Вот и осень пришла – подкатила, как к горлу комок

и зашторила небо, и вешает чёрный замок

на зелёные двери в леса, и бормочет невнятно,

что неплохо бы листья с деревьев убрать поскорей,

потому что зима будет ранней. И зелень дверей

покрывают неровные бурые пятна.

 

Вот и осень пришла – с дыроколом в дорожной суме –

и приводит в порядок дела к предстоящей зиме,

подшивает листву в аккуратные серые папки.
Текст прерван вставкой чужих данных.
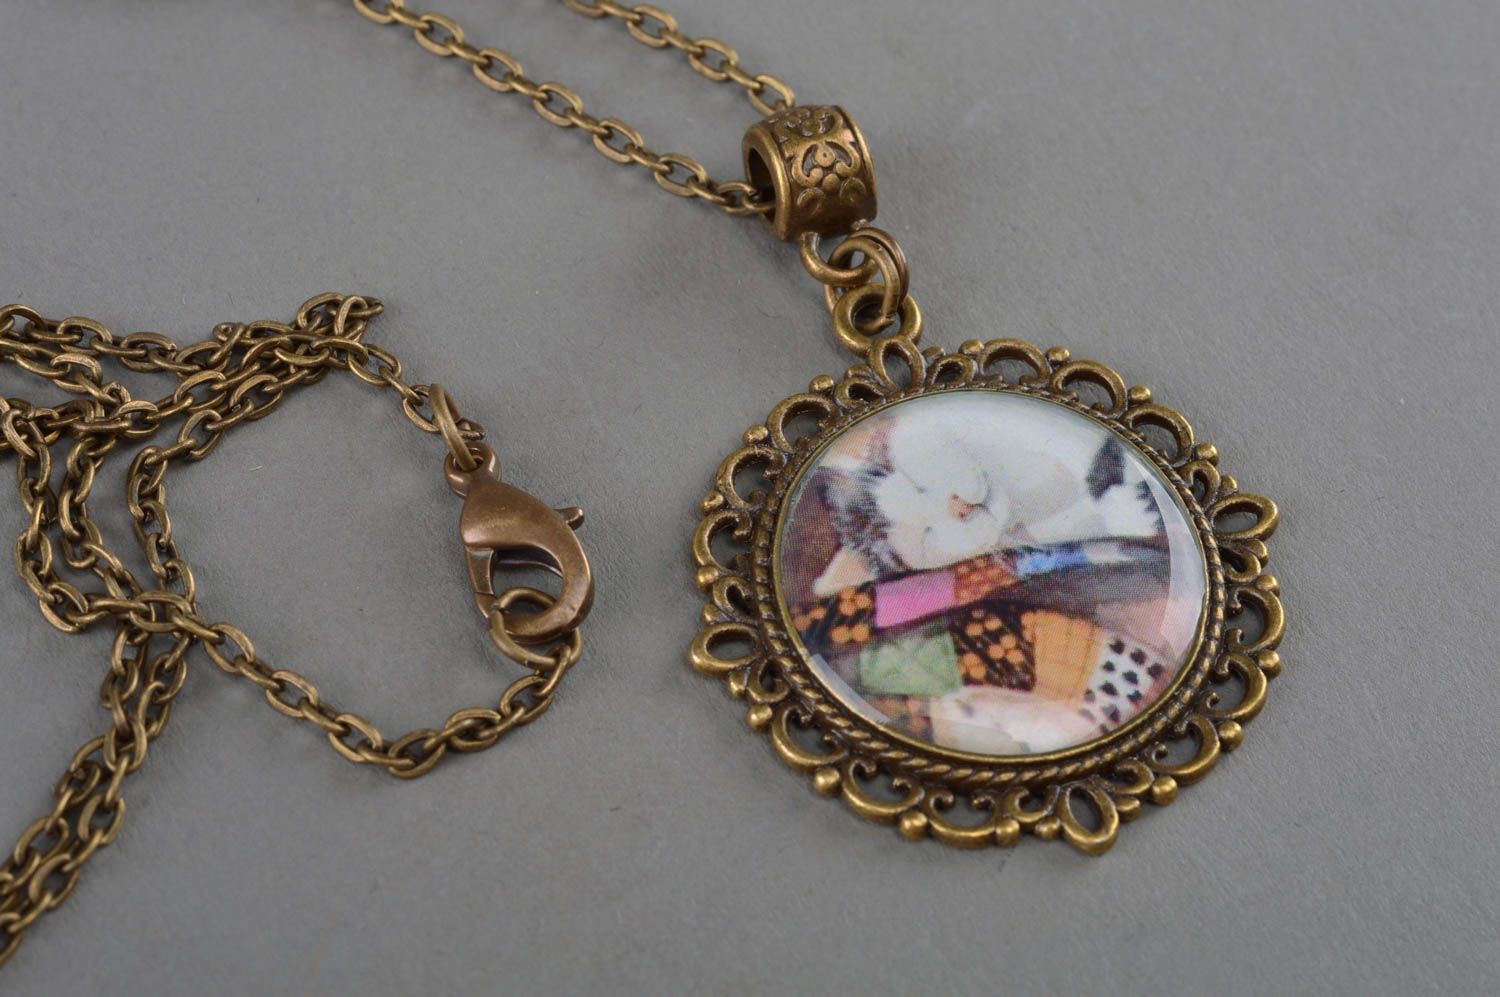 Handmade designer pendant with print made using decoupage technique on long chain photo 2

Убирает в музей экспонаты из летних времён –

надувные матрасы, панамы, мячи, бадминтон,

волейбольные сетки, сифоны и пляжные тапки.

 

Вот и осень пришла – расплескала блестящую ртуть,

по ночам забирается в окна и давит на грудь,

так что вдруг просыпаешься от недостатка дыханья

и лежишь на измятой постели в тисках тишины,

словно пробуя зуб языком, вспоминаешь недавние сны

и глядишь в потолок на корявых теней колыханье.

 

И молчишь сам с собою от имени тех, кто пока

не умеет с тобою найти одного языка

и не может тебя обнадёжить спасительной ложью.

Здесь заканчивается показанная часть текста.